▶ **INFORMATION SUPPLIED**
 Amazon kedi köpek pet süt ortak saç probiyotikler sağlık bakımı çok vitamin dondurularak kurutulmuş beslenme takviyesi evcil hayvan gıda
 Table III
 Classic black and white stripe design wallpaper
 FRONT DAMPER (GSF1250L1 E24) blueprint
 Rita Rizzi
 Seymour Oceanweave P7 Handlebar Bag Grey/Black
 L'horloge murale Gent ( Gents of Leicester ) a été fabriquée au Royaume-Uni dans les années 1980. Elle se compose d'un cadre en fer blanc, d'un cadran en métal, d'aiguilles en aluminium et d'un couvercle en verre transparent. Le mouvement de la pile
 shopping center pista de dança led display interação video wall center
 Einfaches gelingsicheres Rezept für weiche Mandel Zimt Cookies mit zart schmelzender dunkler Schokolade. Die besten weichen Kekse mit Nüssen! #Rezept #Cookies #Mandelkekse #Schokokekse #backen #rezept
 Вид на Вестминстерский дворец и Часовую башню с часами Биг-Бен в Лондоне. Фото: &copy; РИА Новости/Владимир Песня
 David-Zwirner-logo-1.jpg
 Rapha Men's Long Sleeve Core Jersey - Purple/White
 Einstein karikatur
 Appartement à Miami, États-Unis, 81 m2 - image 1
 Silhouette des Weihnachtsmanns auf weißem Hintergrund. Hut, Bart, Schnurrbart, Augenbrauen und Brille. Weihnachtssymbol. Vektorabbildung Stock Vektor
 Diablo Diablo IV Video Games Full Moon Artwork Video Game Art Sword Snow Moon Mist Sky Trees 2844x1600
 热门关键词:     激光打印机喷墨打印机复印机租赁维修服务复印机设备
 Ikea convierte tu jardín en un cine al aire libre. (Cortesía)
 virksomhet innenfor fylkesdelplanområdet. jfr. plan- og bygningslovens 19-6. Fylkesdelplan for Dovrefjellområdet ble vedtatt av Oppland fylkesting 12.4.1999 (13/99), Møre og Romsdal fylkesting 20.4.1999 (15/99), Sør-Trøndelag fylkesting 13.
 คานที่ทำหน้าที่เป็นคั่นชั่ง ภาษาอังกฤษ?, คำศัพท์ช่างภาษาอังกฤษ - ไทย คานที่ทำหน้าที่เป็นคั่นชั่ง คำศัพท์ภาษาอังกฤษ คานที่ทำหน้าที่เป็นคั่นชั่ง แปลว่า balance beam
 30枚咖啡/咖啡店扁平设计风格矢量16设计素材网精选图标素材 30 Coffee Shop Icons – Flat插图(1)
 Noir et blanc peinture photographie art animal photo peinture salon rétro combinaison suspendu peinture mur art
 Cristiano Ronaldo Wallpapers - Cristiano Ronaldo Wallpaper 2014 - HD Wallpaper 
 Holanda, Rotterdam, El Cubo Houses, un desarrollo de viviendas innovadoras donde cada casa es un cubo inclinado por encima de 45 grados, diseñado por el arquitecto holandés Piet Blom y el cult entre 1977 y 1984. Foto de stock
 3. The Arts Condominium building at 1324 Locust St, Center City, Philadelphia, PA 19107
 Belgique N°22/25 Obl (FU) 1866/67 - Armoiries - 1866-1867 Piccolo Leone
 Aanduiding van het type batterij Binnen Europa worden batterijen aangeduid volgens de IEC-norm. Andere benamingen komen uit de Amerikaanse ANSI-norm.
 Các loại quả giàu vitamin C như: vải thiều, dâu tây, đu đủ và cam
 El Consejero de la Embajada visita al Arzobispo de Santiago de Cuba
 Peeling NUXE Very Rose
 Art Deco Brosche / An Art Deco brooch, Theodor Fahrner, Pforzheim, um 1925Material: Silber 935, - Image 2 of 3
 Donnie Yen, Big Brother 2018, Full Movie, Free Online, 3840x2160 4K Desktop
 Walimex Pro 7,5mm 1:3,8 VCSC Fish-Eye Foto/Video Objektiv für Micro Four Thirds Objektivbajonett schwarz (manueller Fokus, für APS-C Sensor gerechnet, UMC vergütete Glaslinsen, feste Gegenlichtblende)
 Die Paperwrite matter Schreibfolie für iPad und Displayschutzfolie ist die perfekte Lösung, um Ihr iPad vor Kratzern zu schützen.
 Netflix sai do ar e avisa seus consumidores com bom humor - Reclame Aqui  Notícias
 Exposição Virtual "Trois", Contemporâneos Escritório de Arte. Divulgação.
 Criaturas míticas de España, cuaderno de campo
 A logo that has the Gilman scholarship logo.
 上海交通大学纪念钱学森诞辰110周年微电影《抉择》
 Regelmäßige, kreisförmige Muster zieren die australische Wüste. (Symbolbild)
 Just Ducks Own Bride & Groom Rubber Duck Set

▶ **EXERCISE OBJECTIVE**
All lines from the line containing "Cristiano Ronaldo Wallpapers" through the end of the listing above are to be duplicated exactly; include both ends and nothing further.

▶ **YOUR SOLUTION**
 Cristiano Ronaldo Wallpapers - Cristiano Ronaldo Wallpaper 2014 - HD Wallpaper 
 Holanda, Rotterdam, El Cubo Houses, un desarrollo de viviendas innovadoras donde cada casa es un cubo inclinado por encima de 45 grados, diseñado por el arquitecto holandés Piet Blom y el cult entre 1977 y 1984. Foto de stock
 3. The Arts Condominium building at 1324 Locust St, Center City, Philadelphia, PA 19107
 Belgique N°22/25 Obl (FU) 1866/67 - Armoiries - 1866-1867 Piccolo Leone
 Aanduiding van het type batterij Binnen Europa worden batterijen aangeduid volgens de IEC-norm. Andere benamingen komen uit de Amerikaanse ANSI-norm.
 Các loại quả giàu vitamin C như: vải thiều, dâu tây, đu đủ và cam
 El Consejero de la Embajada visita al Arzobispo de Santiago de Cuba
 Peeling NUXE Very Rose
 Art Deco Brosche / An Art Deco brooch, Theodor Fahrner, Pforzheim, um 1925Material: Silber 935, - Image 2 of 3
 Donnie Yen, Big Brother 2018, Full Movie, Free Online, 3840x2160 4K Desktop
 Walimex Pro 7,5mm 1:3,8 VCSC Fish-Eye Foto/Video Objektiv für Micro Four Thirds Objektivbajonett schwarz (manueller Fokus, für APS-C Sensor gerechnet, UMC vergütete Glaslinsen, feste Gegenlichtblende)
 Die Paperwrite matter Schreibfolie für iPad und Displayschutzfolie ist die perfekte Lösung, um Ihr iPad vor Kratzern zu schützen.
 Netflix sai do ar e avisa seus consumidores com bom humor - Reclame Aqui  Notícias
 Exposição Virtual "Trois", Contemporâneos Escritório de Arte. Divulgação.
 Criaturas míticas de España, cuaderno de campo
 A logo that has the Gilman scholarship logo.
 上海交通大学纪念钱学森诞辰110周年微电影《抉择》
 Regelmäßige, kreisförmige Muster zieren die australische Wüste. (Symbolbild)
 Just Ducks Own Bride & Groom Rubber Duck Set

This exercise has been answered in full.